Matt.Johnson said...

What about Fauxhemians? Creating online personas is nothing new, however I've noticed an influx of young New Yorkers creating similar profiles. The "loft-living Tribeca artist" that keeps a day job as a computer consultant? The Ernst & Young accountant that really should be a "fiction writer"? These wannabees also fit nicely into another microtrend, the Nouveau Yorker. I'd describe these people as the ones that love New York but have no appreciation or knowledge of its history. They usually tend to have the interesting resume interest of "traveling."

Matt.Johnson said...

that last one was justin writing... also another one- i don't have a catchy name for it but it's the act of spending more time organizing yourself to be productive than actually being productive. people spend more time setting up their DVRs, igoogle pages, rss feeds, blackberrys, facebook pages, etc. than they do actually accomplishing the things that these organizational tools are supposed to enable.

litty said...

Plagers -- People who get their opinions from various niche news distribution outlets (blogs, email chains, podcasts) and then pawn it off as their own original ideas.

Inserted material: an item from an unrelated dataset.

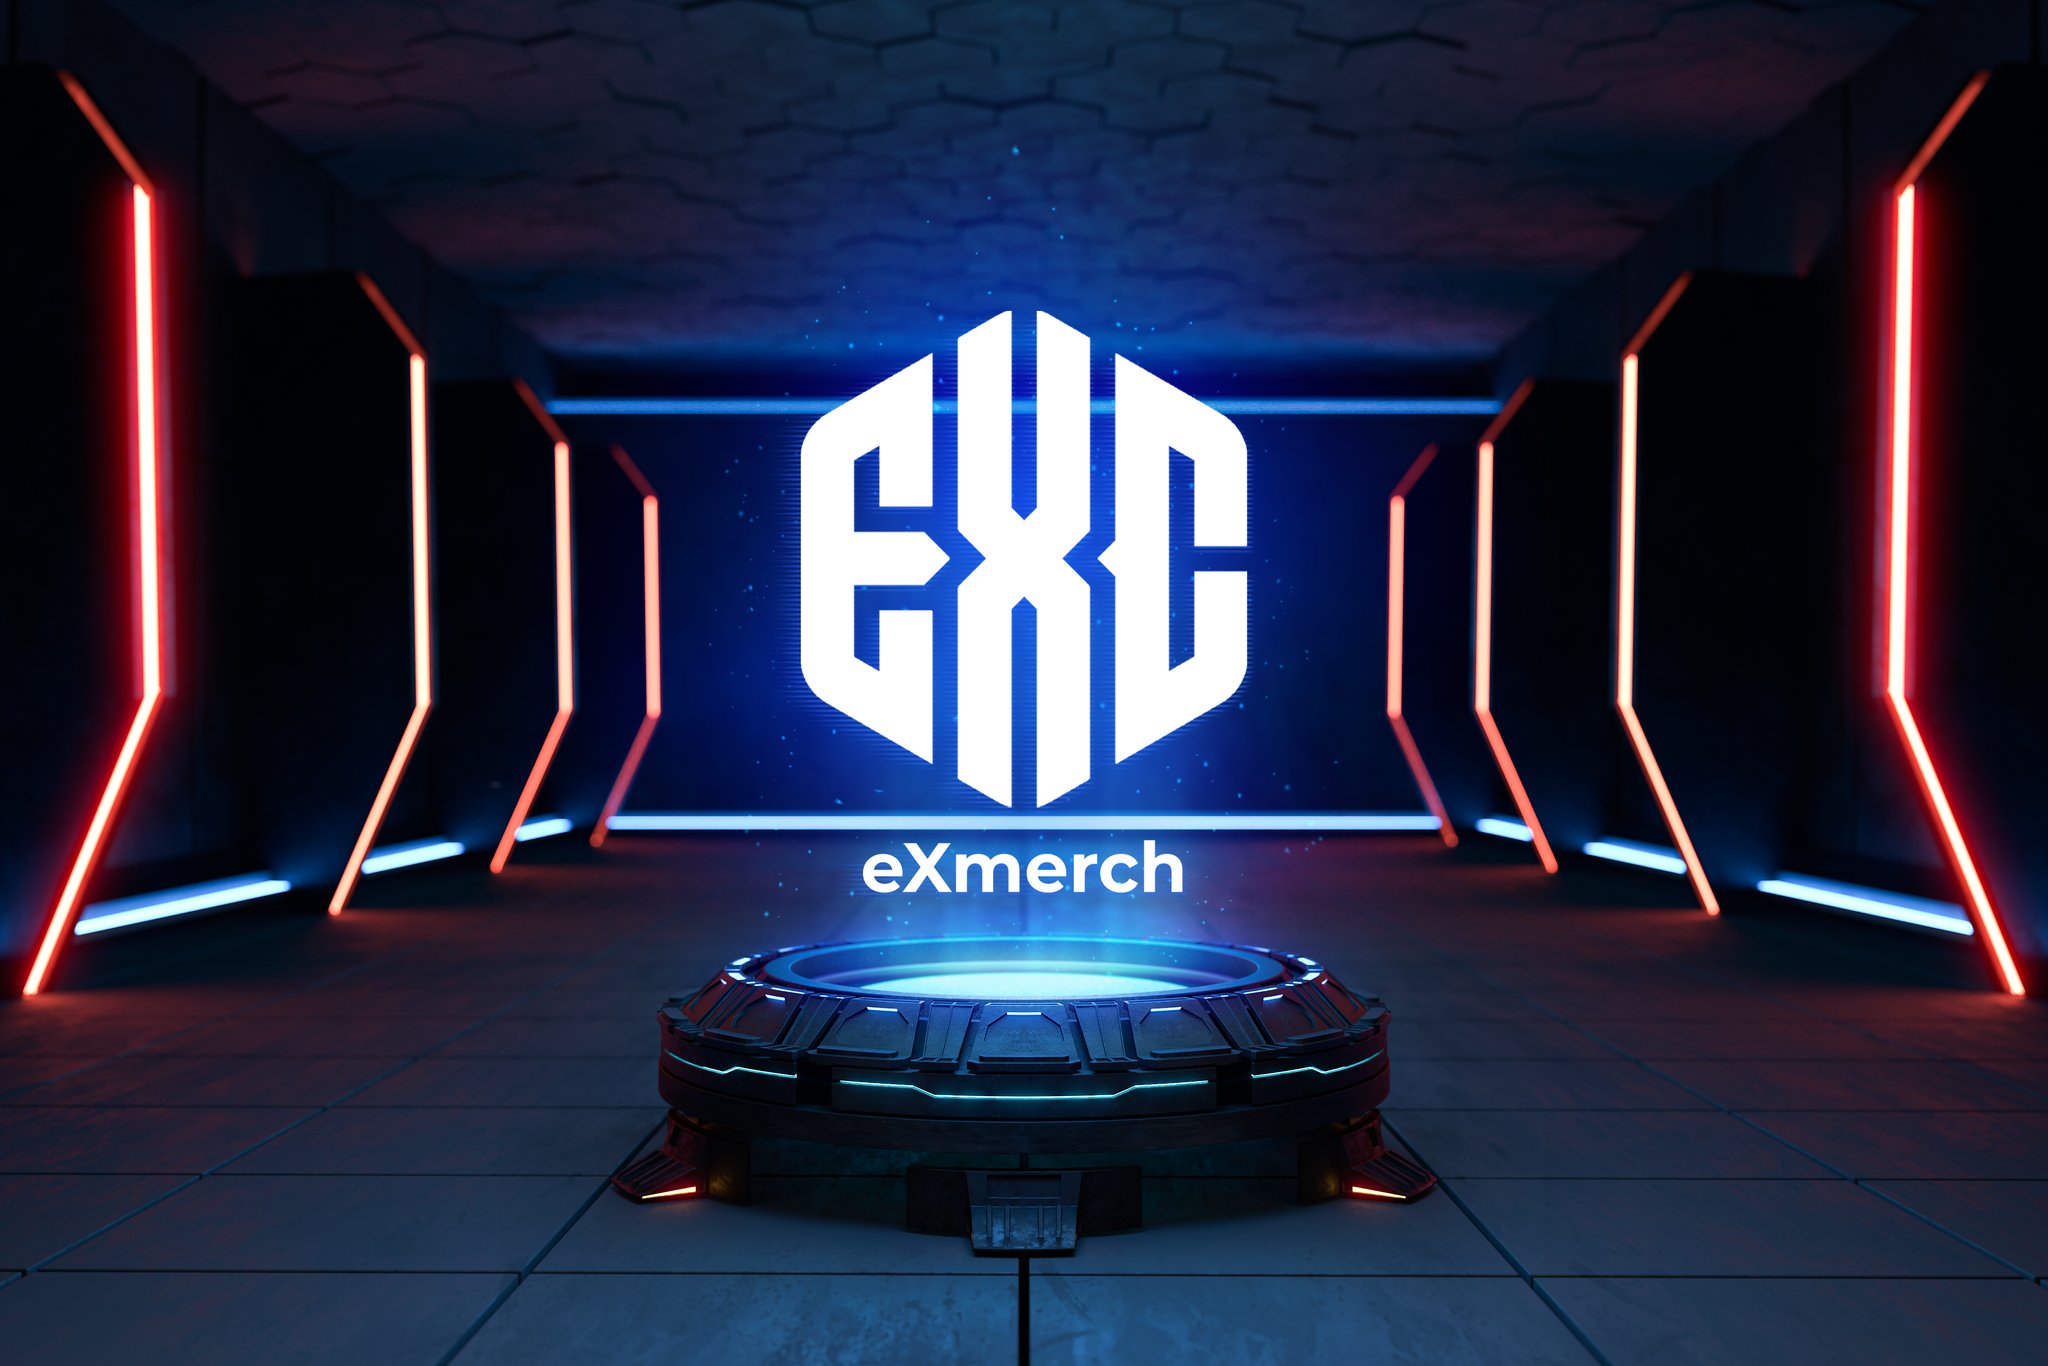 eXmerch Store [Web]
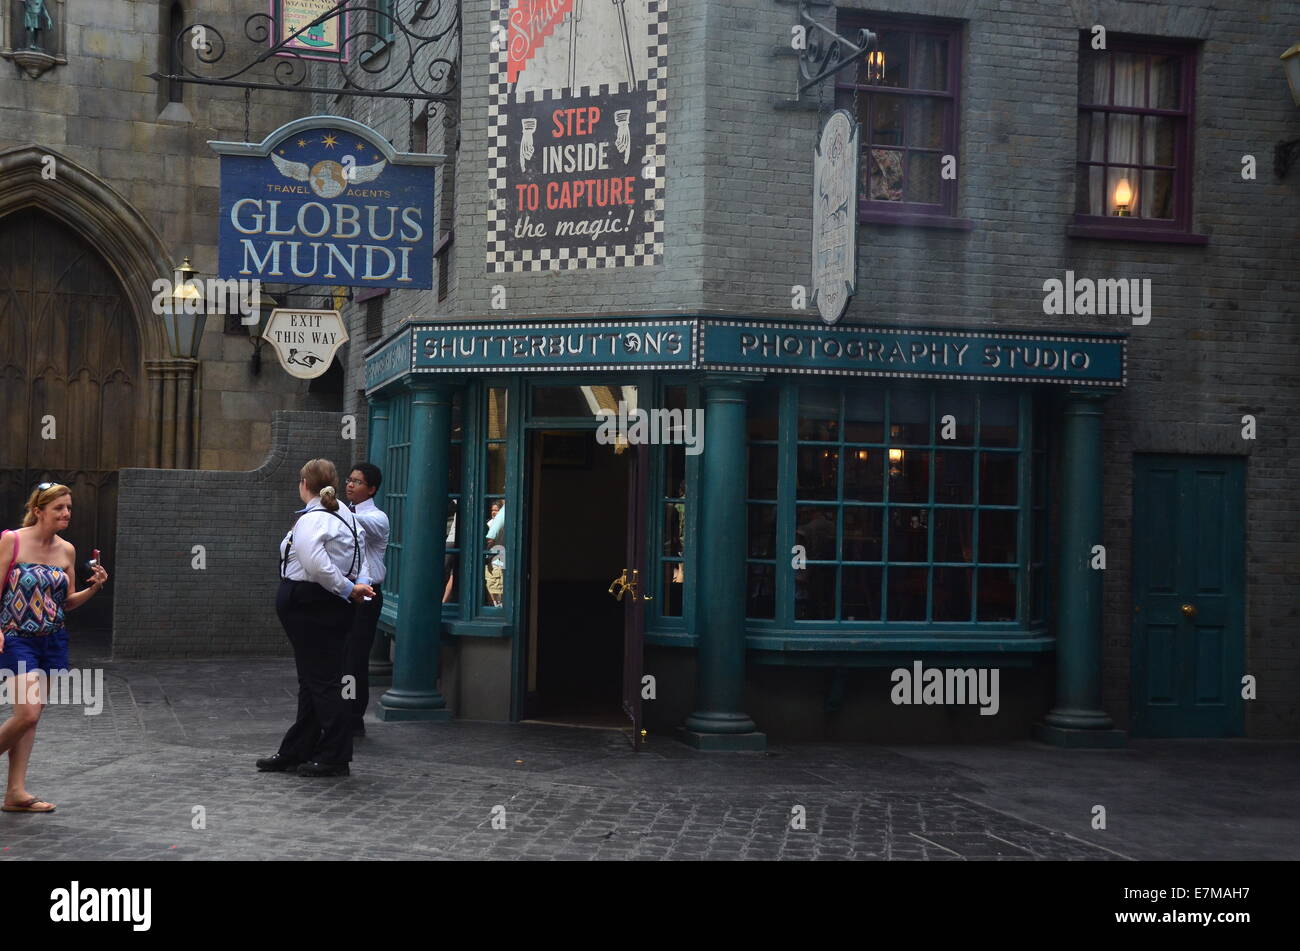 Globus Mundi in der Winkelgasse in die Zauberwelt von Harry Potter  Expansionsleiter Universal Studios in Orlando, Florida, USA Stockfotografie  - Alamy

Fakebookers -- Older people who go on facebook, don't know how to use it, don't have any friends, don't do anything substantial, never logon and then talk about how much they love it.

Jeez, I'm pretty cynical.

Also, my thought on comments. My readers never leave them either no matter how much I ask. There's no point in forcing it. Instead i try to understand why they don't leave comments (afraid to write in public, not sure what is appropriate, etc). Also, when i see people in person and they start talking about my blog i guess that counts as a comment even if it is a different medium.

El Gaffney said...

MattJustin: Ha! You've captured the best of both worlds thought better than R. Kelly and Jay-Z. Now, I need to go back and check my resume though.

MattMatt: "Ever Organizers" may sum that thought up. I love the contradiction there. I'll keep thinking.

Litty: I like those two and think they're very real. Similar to Plagers, but without the actual stealing is one about how people's first instinct is to seek out answers online (google) instead of considering what they think first. Maybe we can call them "Searching for Answers". Agree on comments. Think does a good job at creating community on his site through its form - comments get front page exposure and display next to the post.

Jake said...

I voted for the thru-bred (I h8 those ppl) although I have to say that the fauxhemian is by far my favorite. Kudos, Justin.

I also dislike the Fundit Followers. This includes people who get their news from Stewart or Colbert, and who think that Carlin/Black is a winning presidential ticket.


El Gaffney said...

compelling comment jake, thru-breds just gained a vote. the fundit followers will likely use the writers strike to gain support for their ticket.